**Data listing**

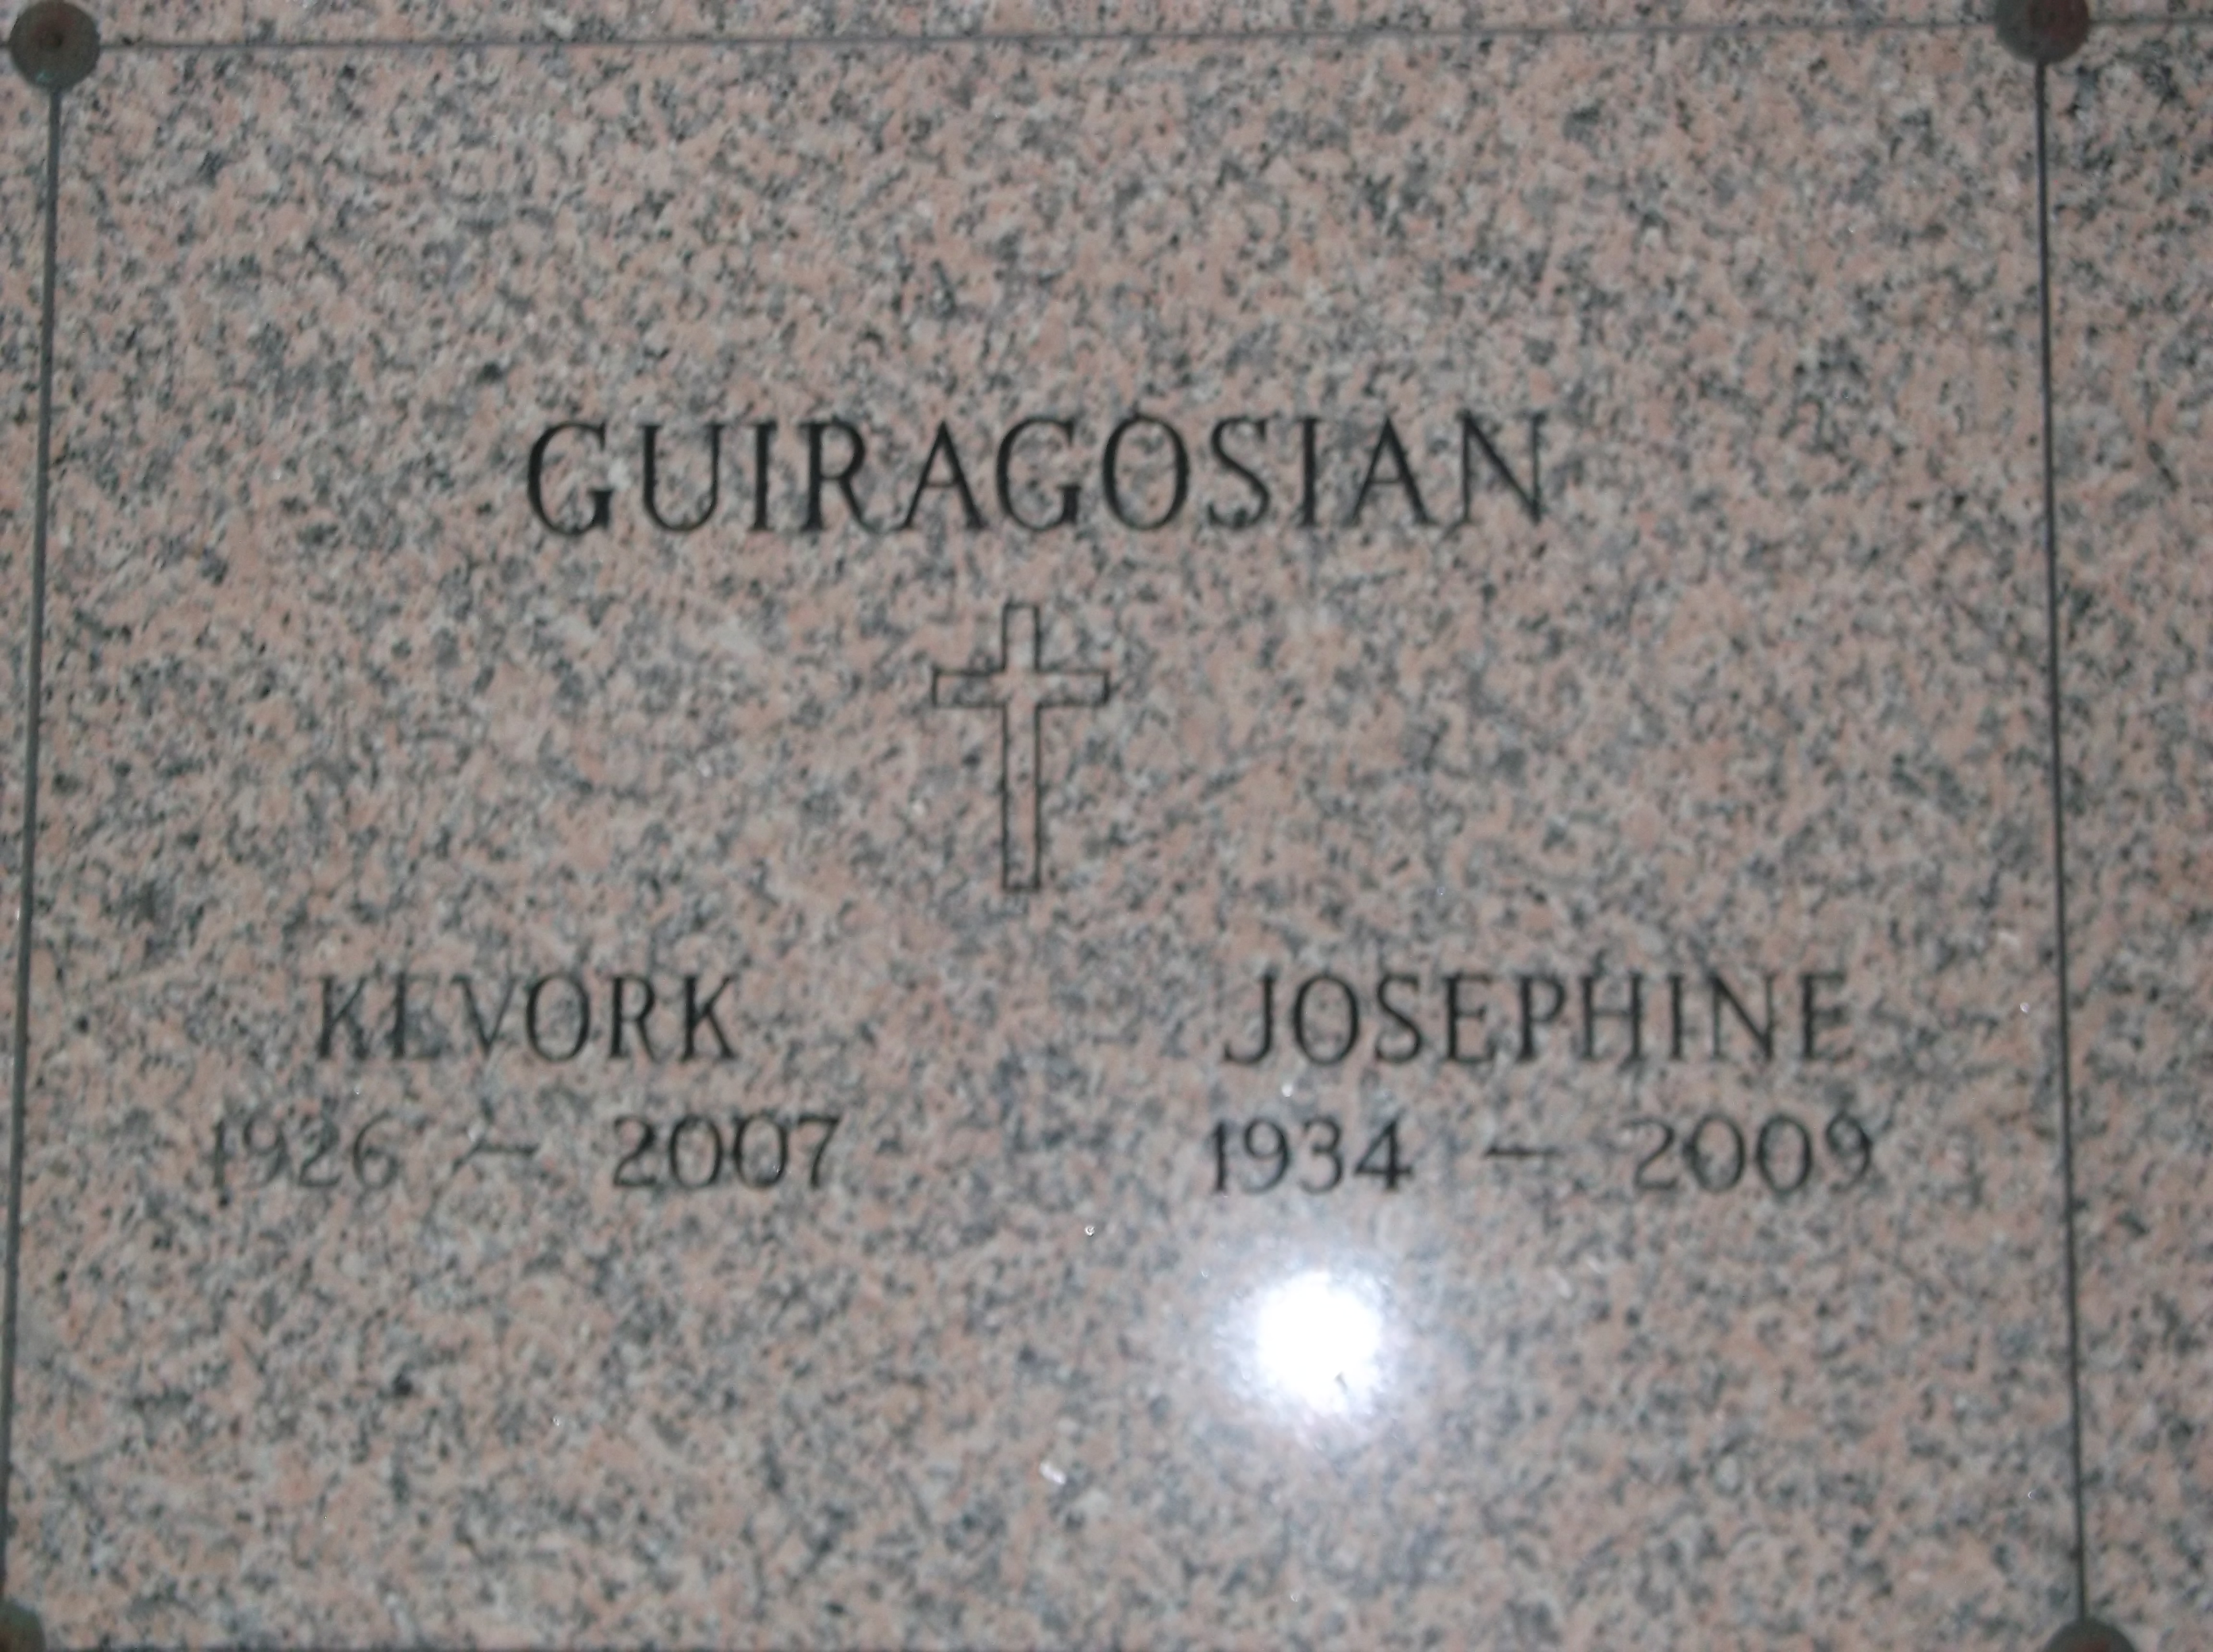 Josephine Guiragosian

--

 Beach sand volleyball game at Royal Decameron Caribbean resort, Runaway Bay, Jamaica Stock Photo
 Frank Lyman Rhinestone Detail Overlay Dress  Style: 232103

---

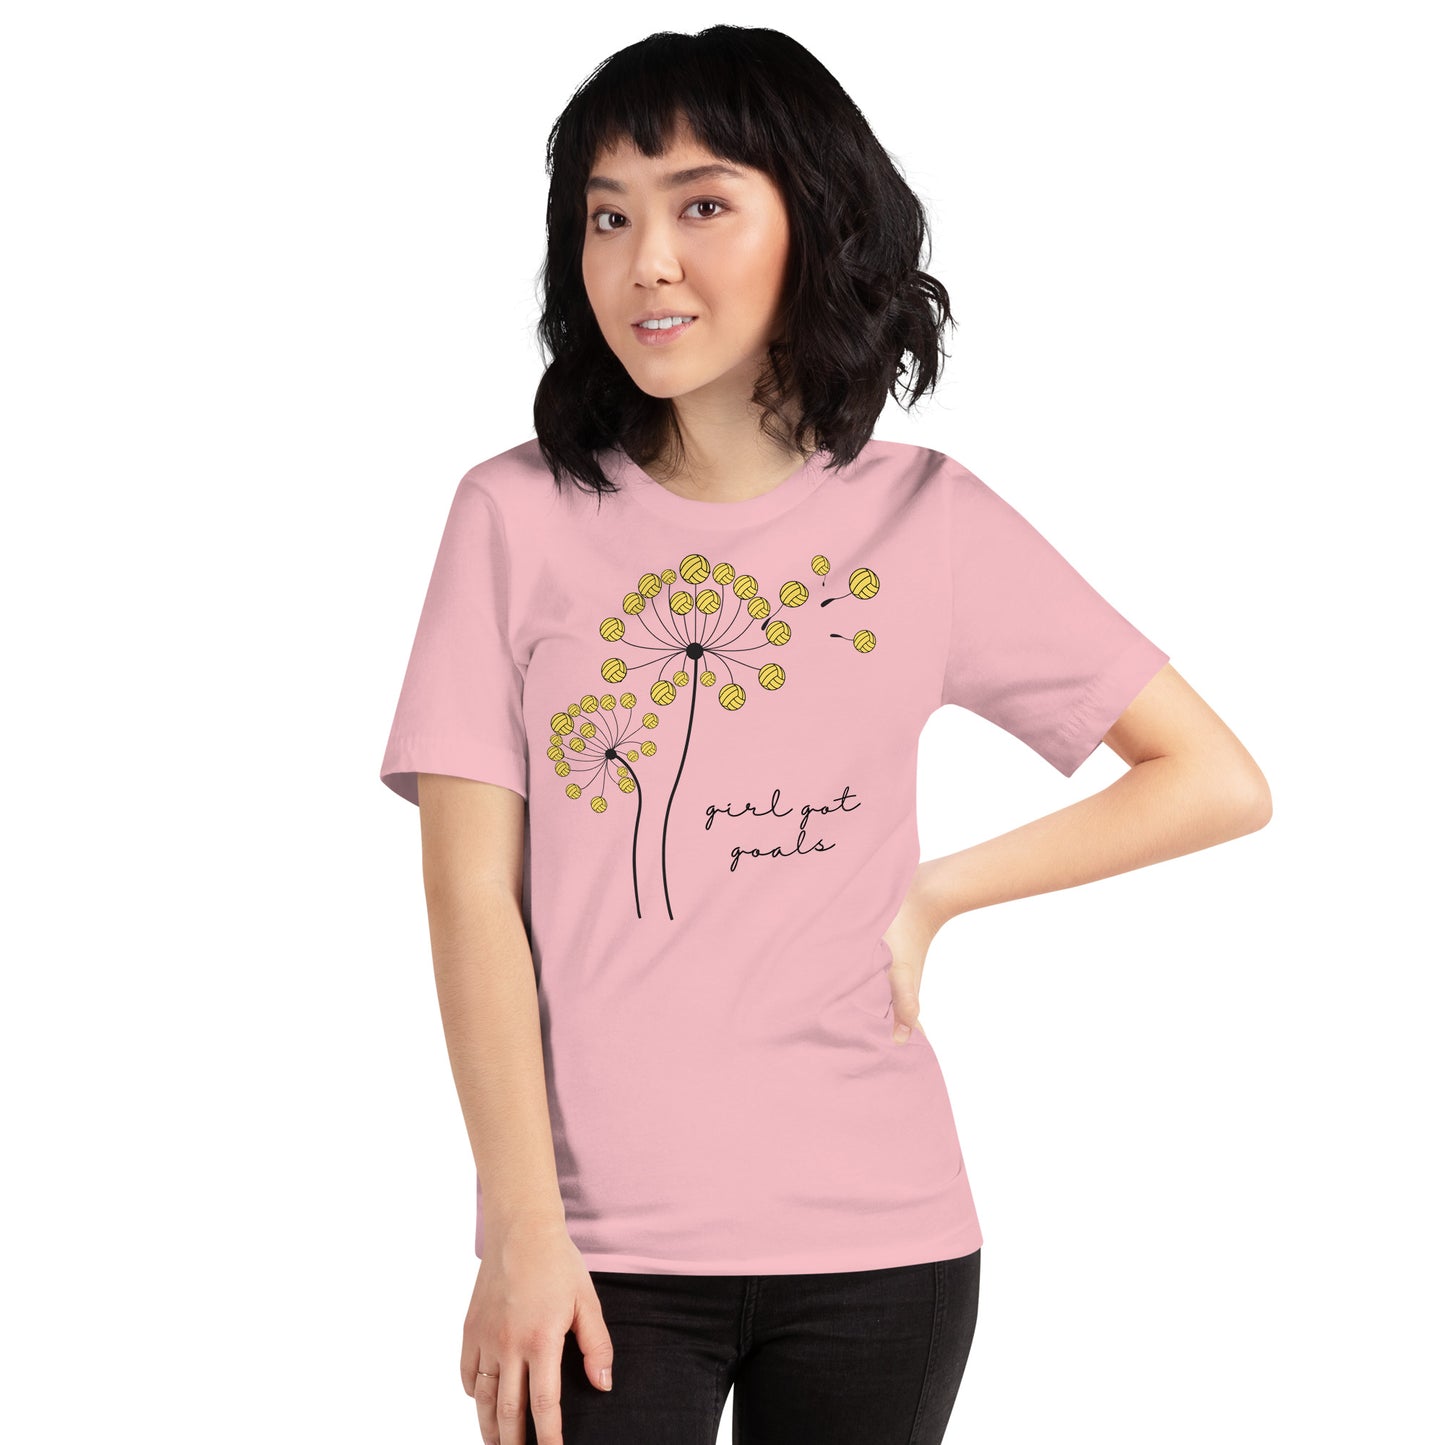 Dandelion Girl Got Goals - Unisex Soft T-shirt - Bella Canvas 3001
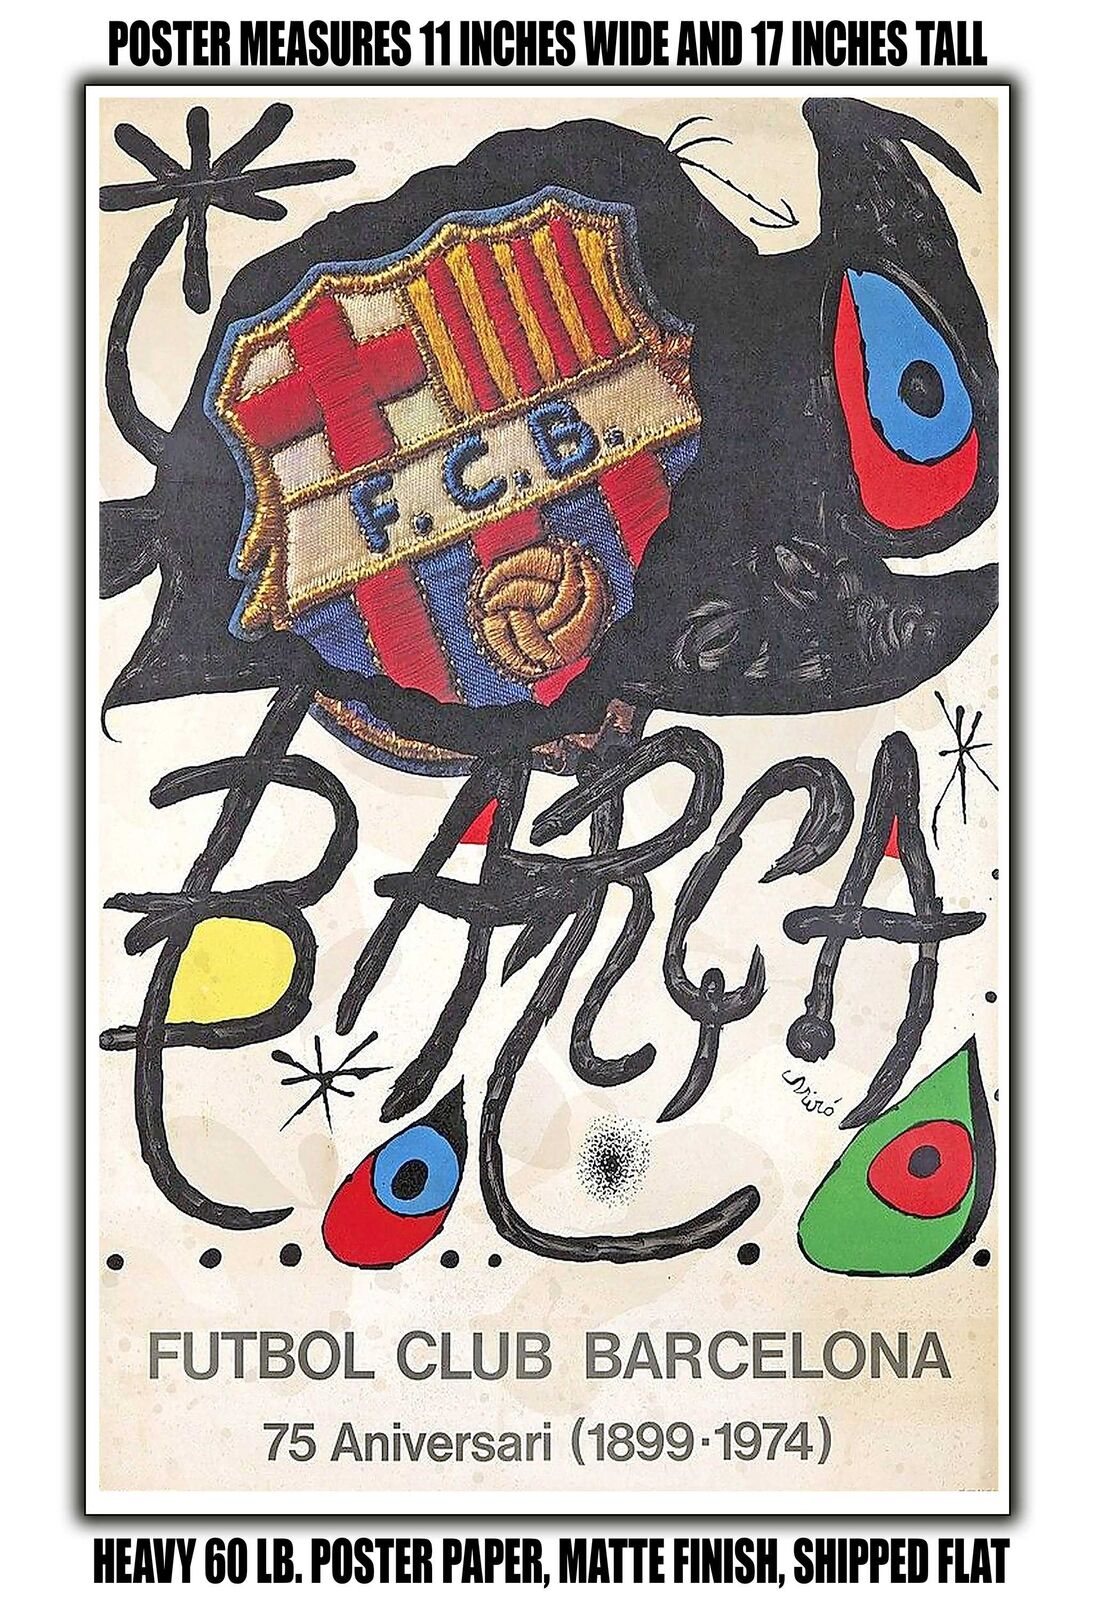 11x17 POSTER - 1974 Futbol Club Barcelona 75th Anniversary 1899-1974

**Exercise**
Only one stretch of the data above is needed. Restate it word for word, from the line containing "Beach sand volleyball" through the line containing "Frank Lyman Rhinestone", both ends included.

**Your solution**
 Beach sand volleyball game at Royal Decameron Caribbean resort, Runaway Bay, Jamaica Stock Photo
 Frank Lyman Rhinestone Detail Overlay Dress  Style: 232103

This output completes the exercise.